(Data provided begins)

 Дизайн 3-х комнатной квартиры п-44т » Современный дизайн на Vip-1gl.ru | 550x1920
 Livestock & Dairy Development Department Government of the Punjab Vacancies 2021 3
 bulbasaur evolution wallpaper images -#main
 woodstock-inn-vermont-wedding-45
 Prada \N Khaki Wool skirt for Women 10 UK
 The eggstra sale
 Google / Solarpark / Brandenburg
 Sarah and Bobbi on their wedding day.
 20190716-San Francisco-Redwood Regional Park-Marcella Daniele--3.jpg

(Data provided ends)

What to work on -> Only an exact reproduction of the lines from the one with "Google / Solarpark / Brandenburg" to the end of the listing is expected.

Worked solution ->
 Google / Solarpark / Brandenburg
 Sarah and Bobbi on their wedding day.
 20190716-San Francisco-Redwood Regional Park-Marcella Daniele--3.jpg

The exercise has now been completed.